Ofelia le suivit vers la sortie, comme s'il l'avait hypnotisée. Elle put alors nettement distinguer le visage de son mystérieux interlocuteur à la lumière du jour. Une étrange couche d'énergie l'enveloppait. Elle était si puissante qu'elle s'en trouva affectée. Ofelia comprit comme s'il s'agissait d'une évidence qui était son interlocuteur.
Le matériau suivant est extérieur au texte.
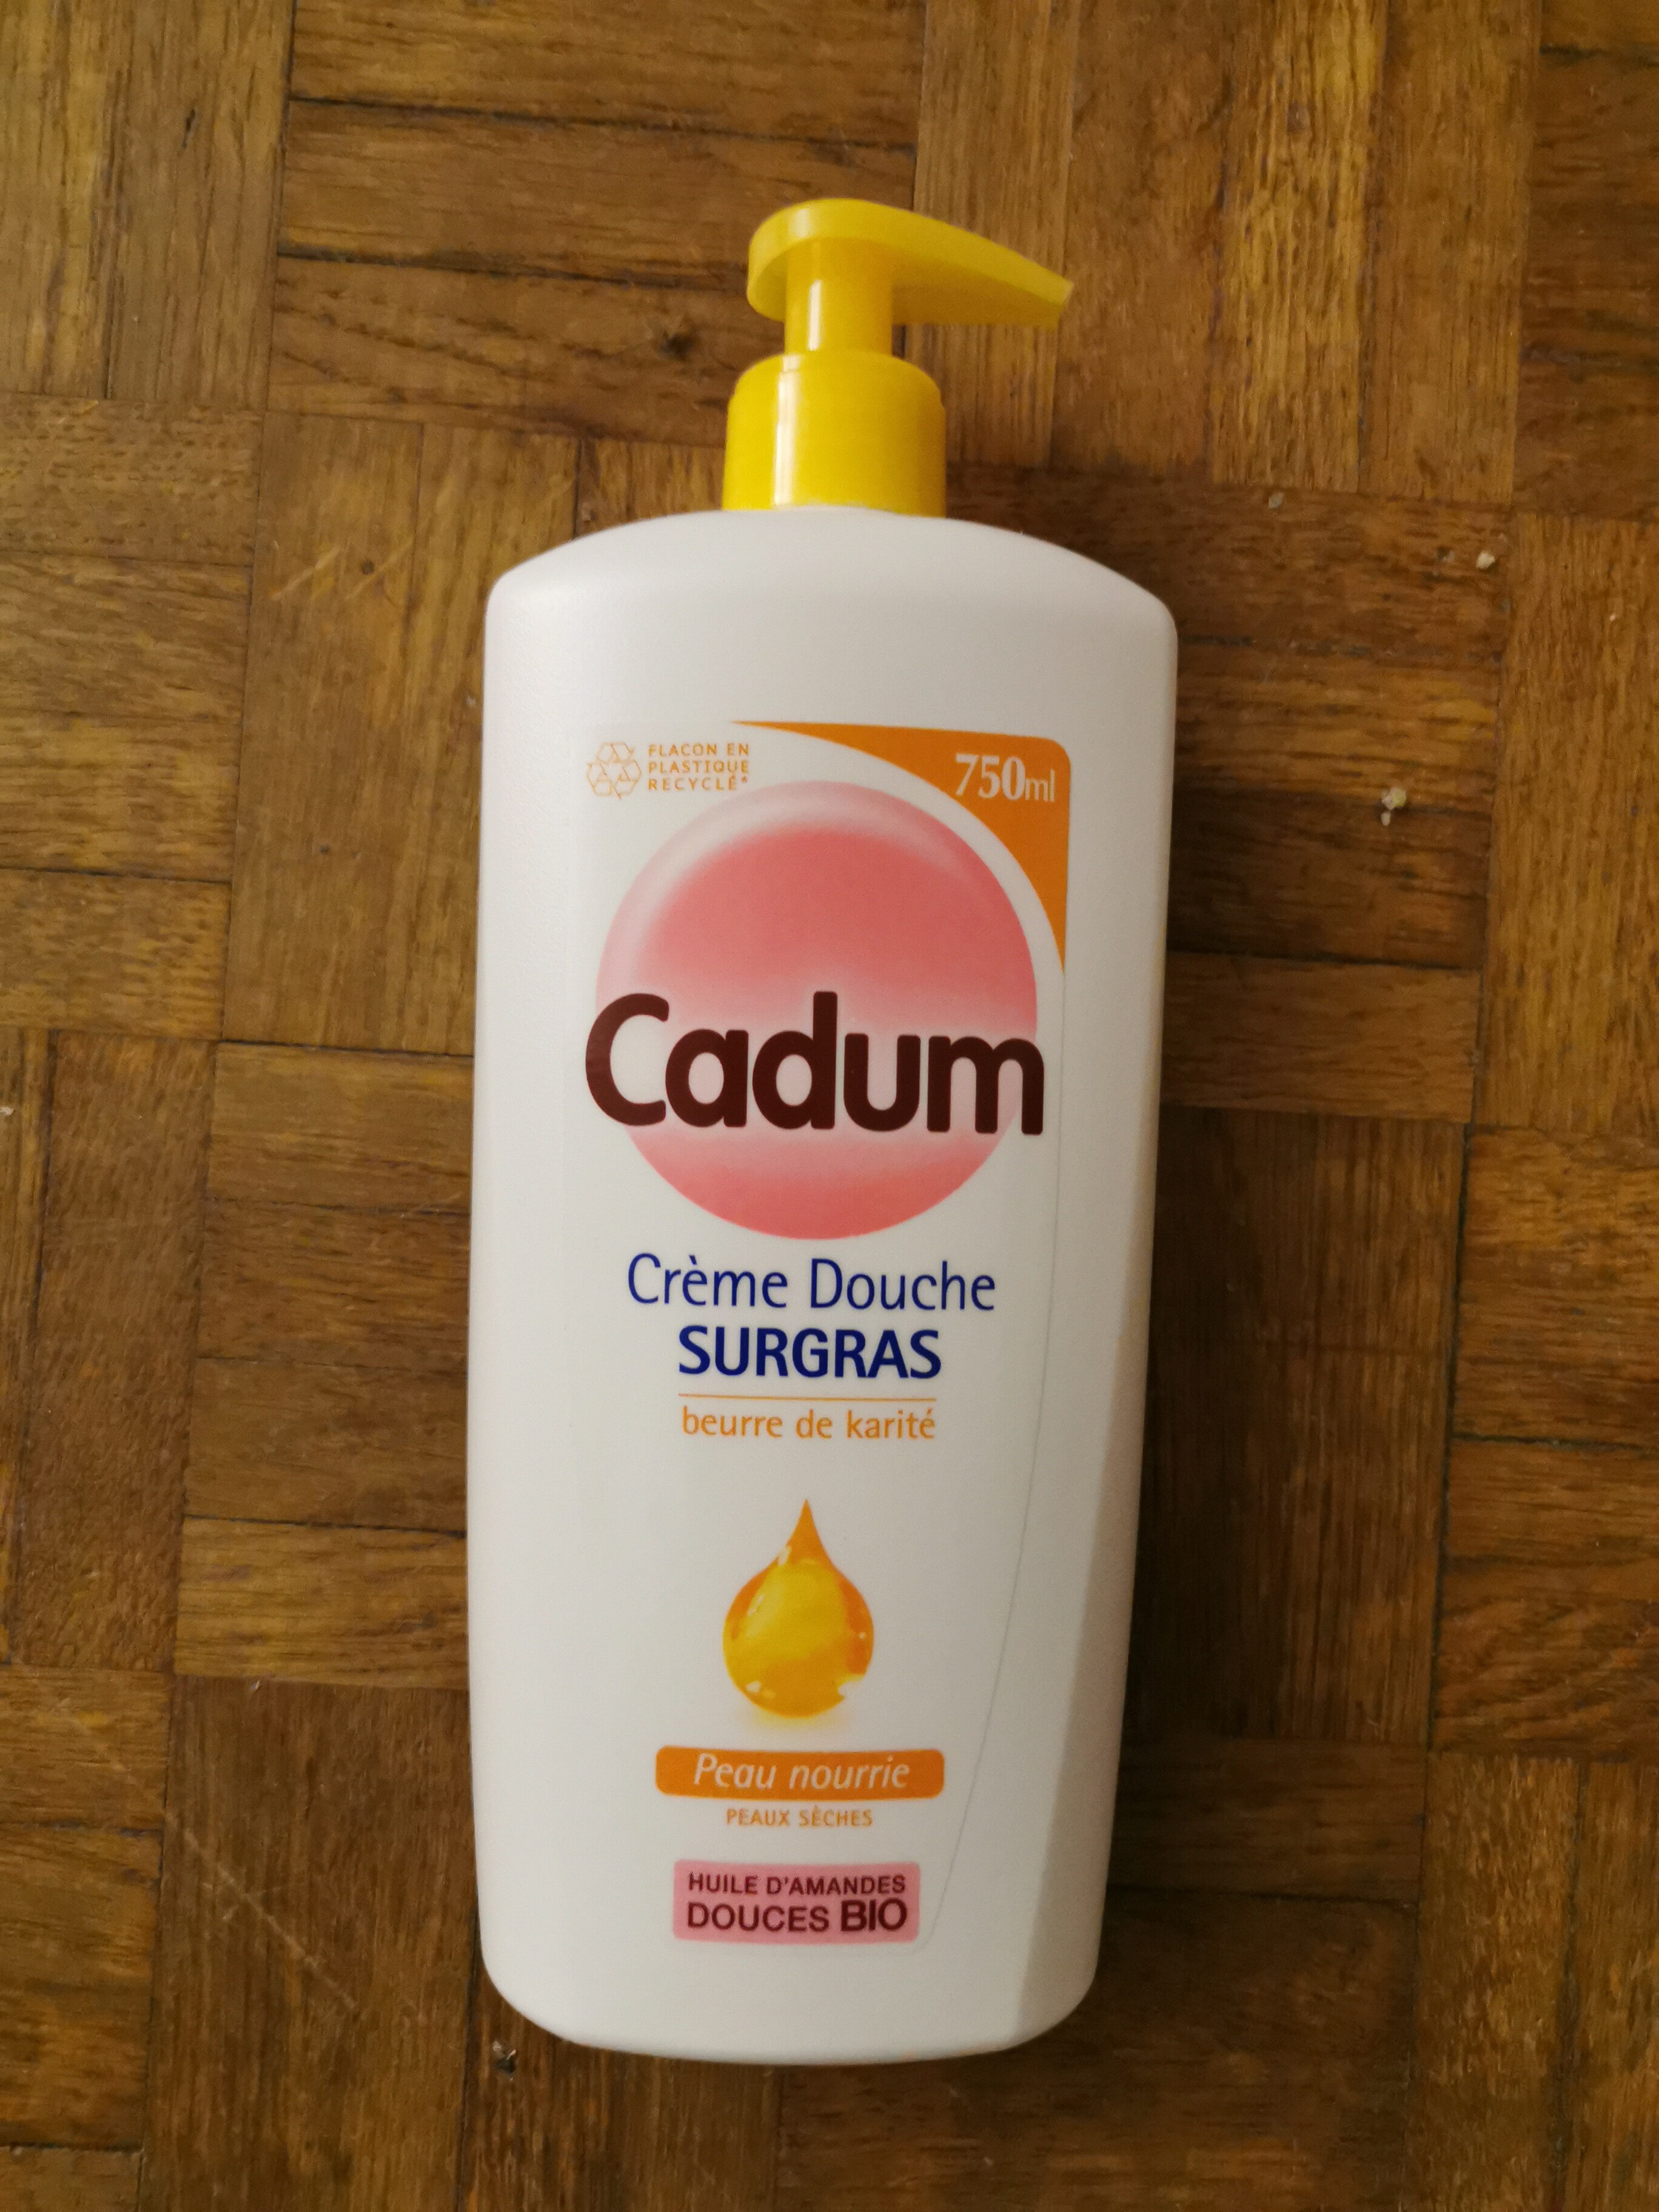 cadum crème douche sugras - Product - fr

Le Sage lui lança un sourire lorsque leurs regards se croisèrent. Il devait lire dans ses pensées !
Ofelia fut aussitôt saisie d'une violente vision. Tout n'était que flammes et désolation autour d'elle. Une stèle se dressait au milieu du brasier. Plus la vision se rapprochait, plus elle distinguait la scène qui s'y déroulait. Le Sage Aron était muni d'un poignard et procédait à un sacrifice. Son visage en sang se délectait de la vue d'un cœur encore palpitant dans sa main. Ofelia découvrit son propre corps sans vie allongée sur la stèle...
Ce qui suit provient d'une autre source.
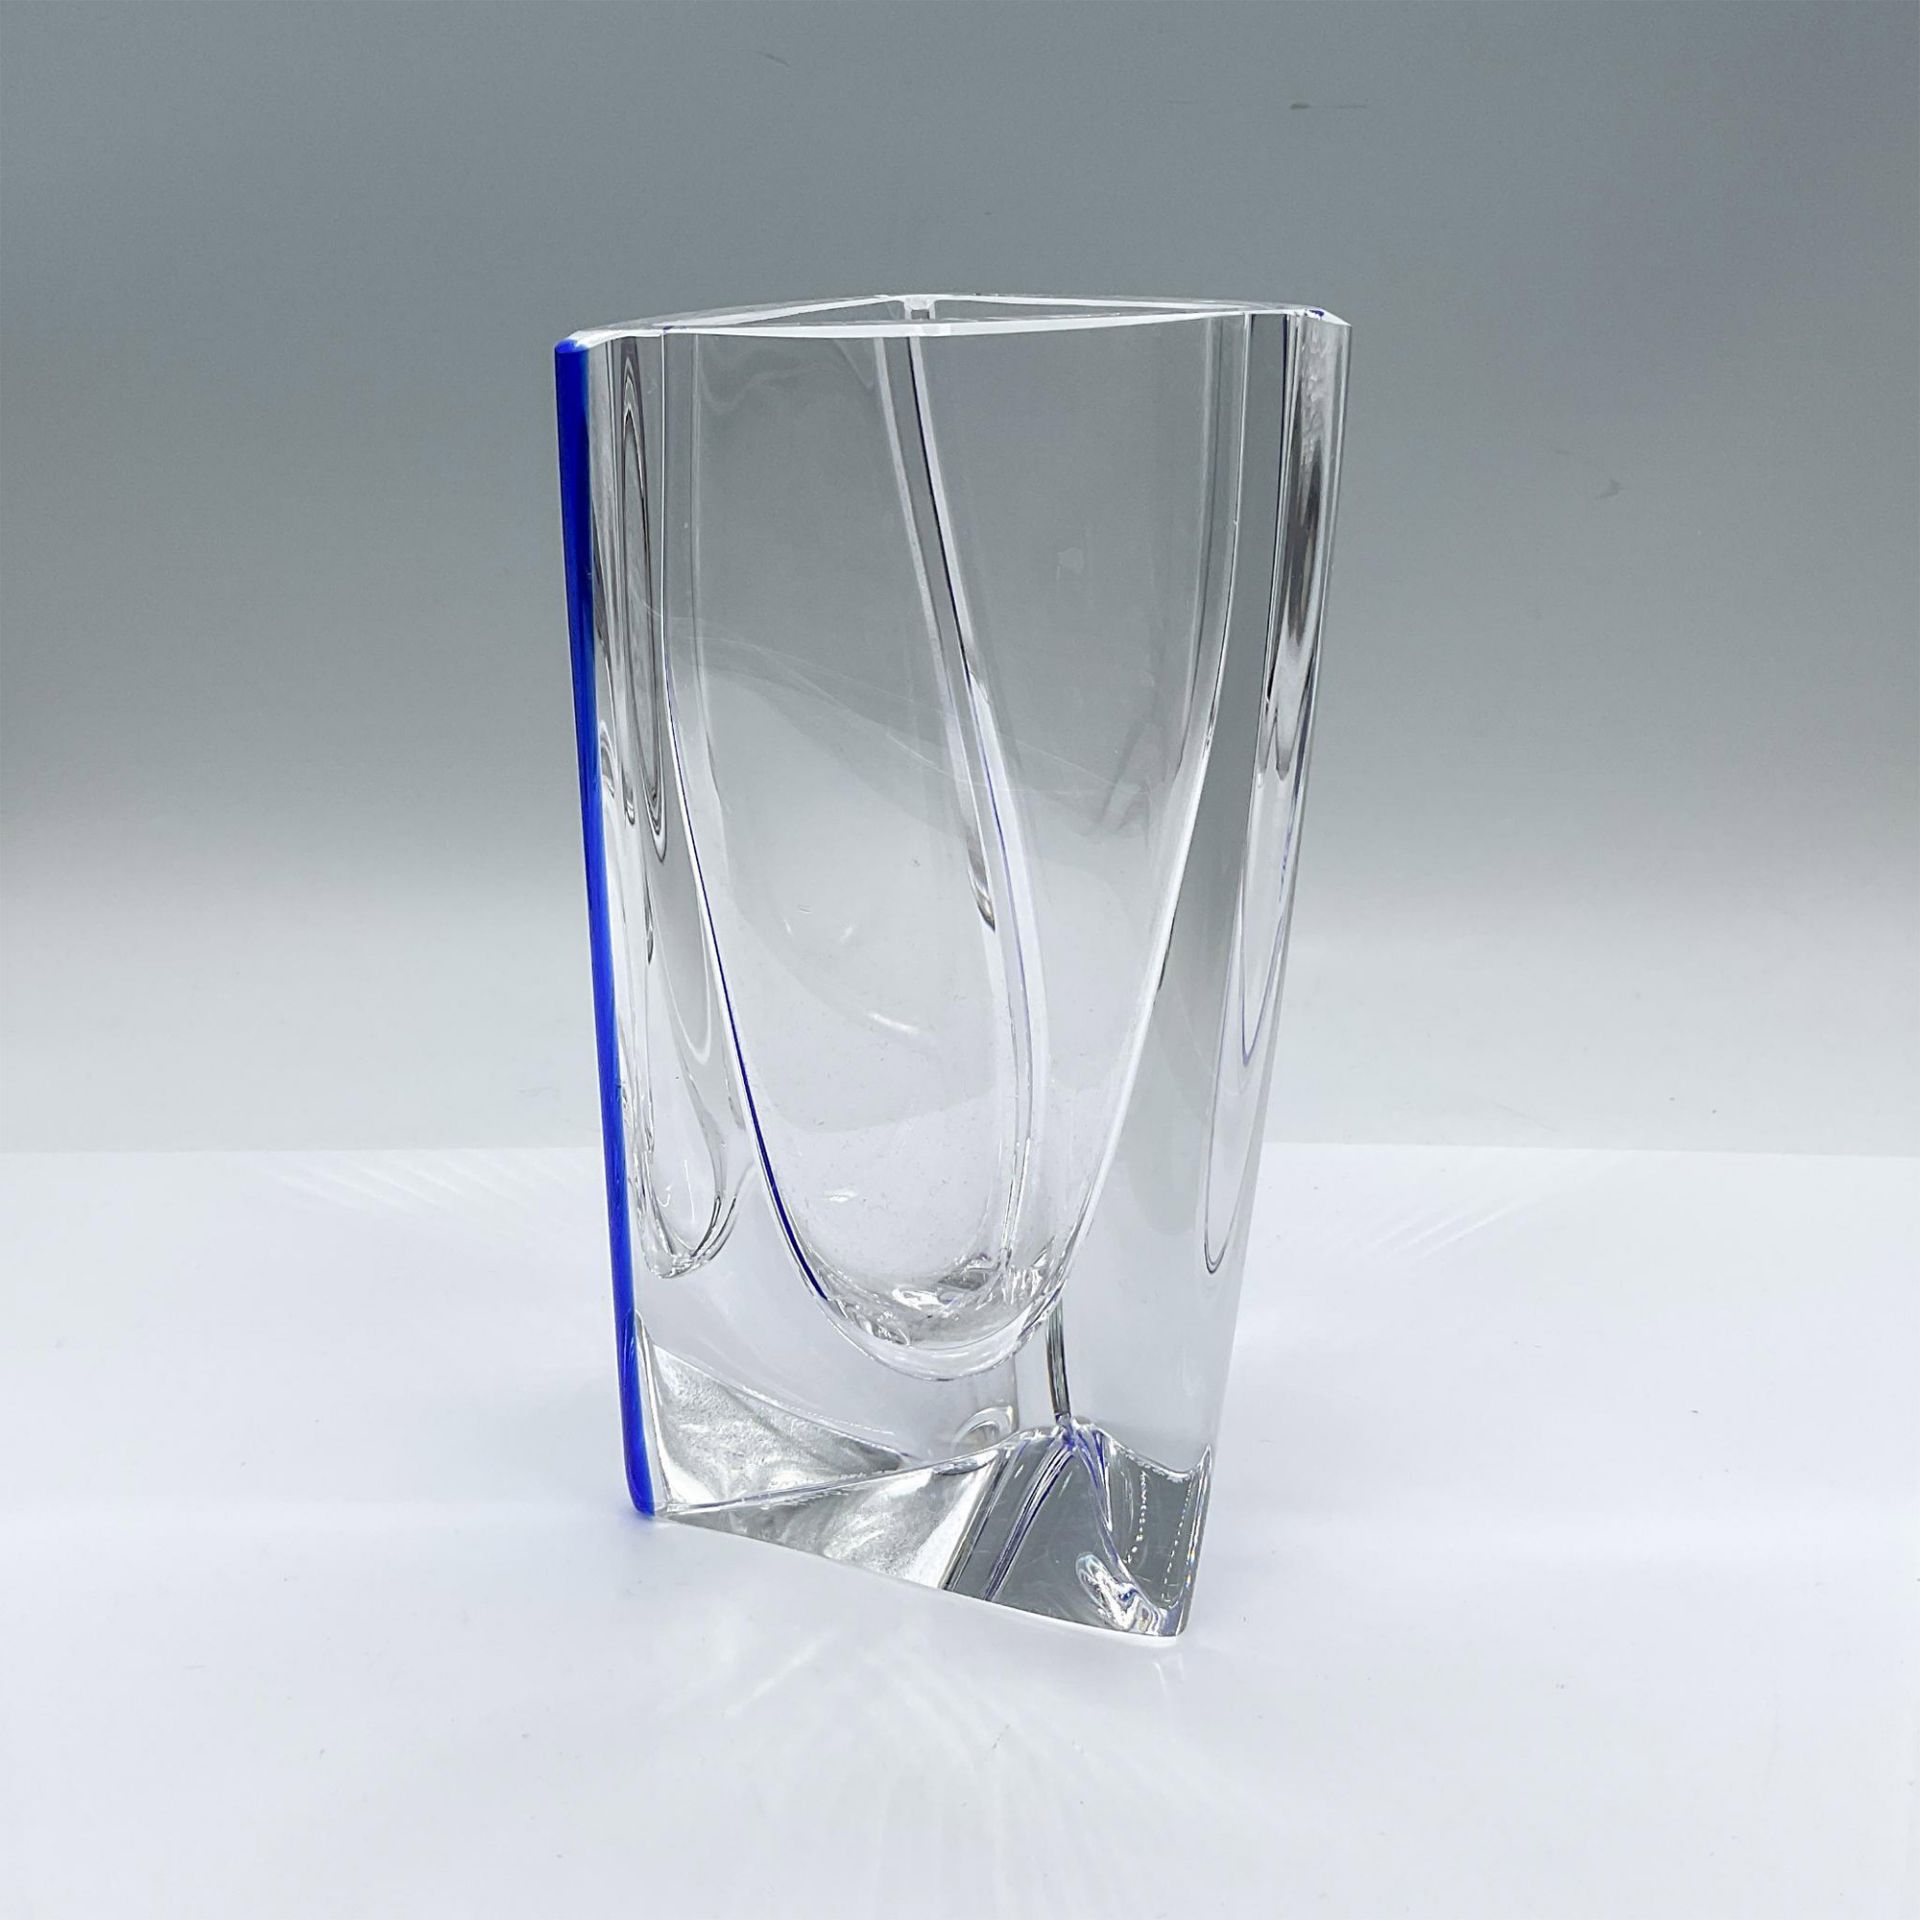 Kosta Boda by Goran Warff Glass Triangular Vase - Image 2 of 4

Ofelia ouvrit les yeux, elle était à nouveau dans le temple. Elle transpirait à grosses gouttes malgré le froid. Elle appelait Ryū de toutes ses forces, mais aucun son ne s'échappait de sa gorge sèche. Elle revint à elle lorsqu'un groupe d'enfants se précipita dans le temple. Elle quitta aussitôt le temple en courant. Elle aperçut Ryū au loin près de la statue. Ce dernier sentit peu après une forte pression autour de son cou. Ofelia venait de l'agripper de toutes ses forces. Il se contenta de la couvrir.
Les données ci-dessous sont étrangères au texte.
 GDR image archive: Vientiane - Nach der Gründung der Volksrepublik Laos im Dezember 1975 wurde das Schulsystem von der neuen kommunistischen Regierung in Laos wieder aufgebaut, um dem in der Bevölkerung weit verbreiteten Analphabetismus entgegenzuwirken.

— Je suis là, murmura-t-il dans les cheveux de la Fandragore. Que s'est-il passé ? poursuivit-il, sentant Ofelia plus calme.
Elle s'écarta de quelques pas et essuya ses larmes.
— Ryū... Il était là, confia Ofelia d'une voix étranglée.
— Qui ? s'impatienta-t-il.
— Le Sage Aron. Il m'a parlé et dans la manière dont il m'a regardé... J'ai vu dans sa tête et c'était horrible, bégaya Ofelia.
Sa voix était déformée par la peur.
— Rentrons, proposa Ryū.
— Non, je veux continuer. Je ne vais pas passer ma vie à avoir peur.
Ofelia s'accroupit au pied de la statue, face à Ryū qui tentait de deviner son regard. Un carrosse les dépassa soudainement à vive allure. Il s'immobilisa de l'autre côté de la voie lorsqu'il arriva devant un vieux bâtiment en brique. Un écriteau doré annonçait la bienvenue au Département de l'Histoire et des Civilisations Anciennes (DHCA) de Port Brillant. Un homme descendit. Il regarda machinalement autour de lui puis il entra. Il était suivi par deux hommes qui se prêtèrent au même rituel.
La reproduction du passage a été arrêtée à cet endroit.